STECs and Salmonella enterica cause an estimated 1.2 million cases of foodborne illnesses each year, PathoGenetix and USDA-ARS said, adding E. coli 0157:H7, the most common of the virulent STECs, has been implicated in multiple foodborne illness outbreaks. Six other STEC serogroups are considered adulterants in certain beef products, but unlike STEC 0157:H7, the "Big 6" virulent strains are not easily differentiated using current molecular testing methods, the partners said.

There are more than 2,500 identified strains of Salmonella enterica, with 1,700 of them classified as human pathogens belonging to subspecies S. enterica I. Twenty of theses serotypes cause more than 70 percent of the illnesses caused by S. enterica subspecies I, pointing to the need for a rapid, cost-effective method of identifying the more virulent strains that may be present in food products.

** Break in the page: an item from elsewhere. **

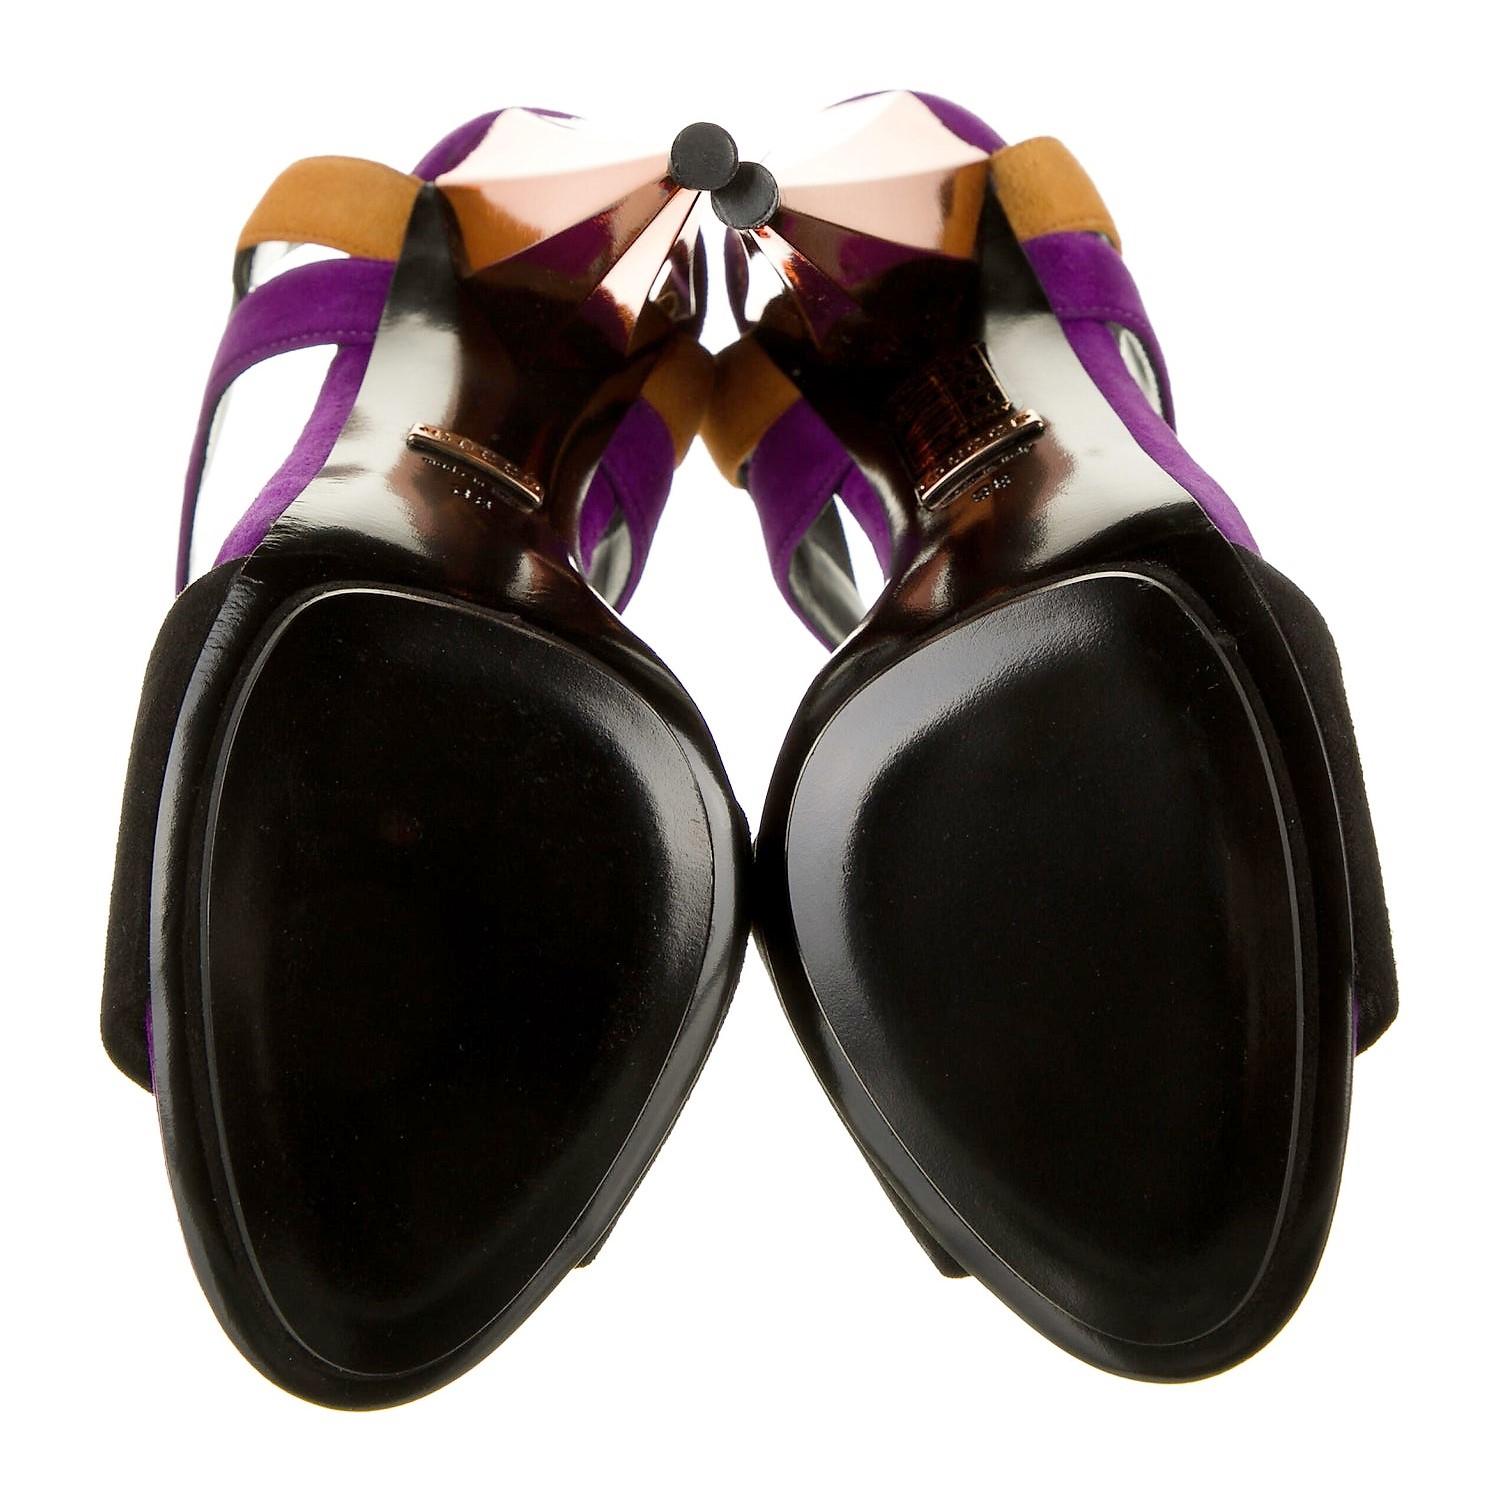 New Gucci Ad Runway 2014 Purple Orange Suede Mirrored Pump Heels Sz 37.5 For Sale 5

PathoGenetix's GSS technology identifies DNA from complex mixtures or from isolates, "and automates the process from sample preparation through data analysis to provide actionable information in five hours," PathoGenetix and USDA-ARS said. The technology scans microbial DNA directly from a mixed culture, eliminating the need for pure culture, and reducing time, complexity, skill, and costs associated with molecular identification and strain typing.

They added that the strain type information provided by PathoGenetix's technology is comparable to the current standard for pathogen typing in foodborne outbreak analysis and response, pulsed field gel electrophoresis.

The platform also has been shown to be useful in differentiating virulent Shiga-toxin-producing E. coli, and the Resolution System may be of use as a confirmatory method for "Big 6" STEC screening assays, PathoGenetix and USDA-ARS said.

The deal announced Monday follows a similar evaluation deal in April for PathoGenetix's technology by the US Food and Drug Administration.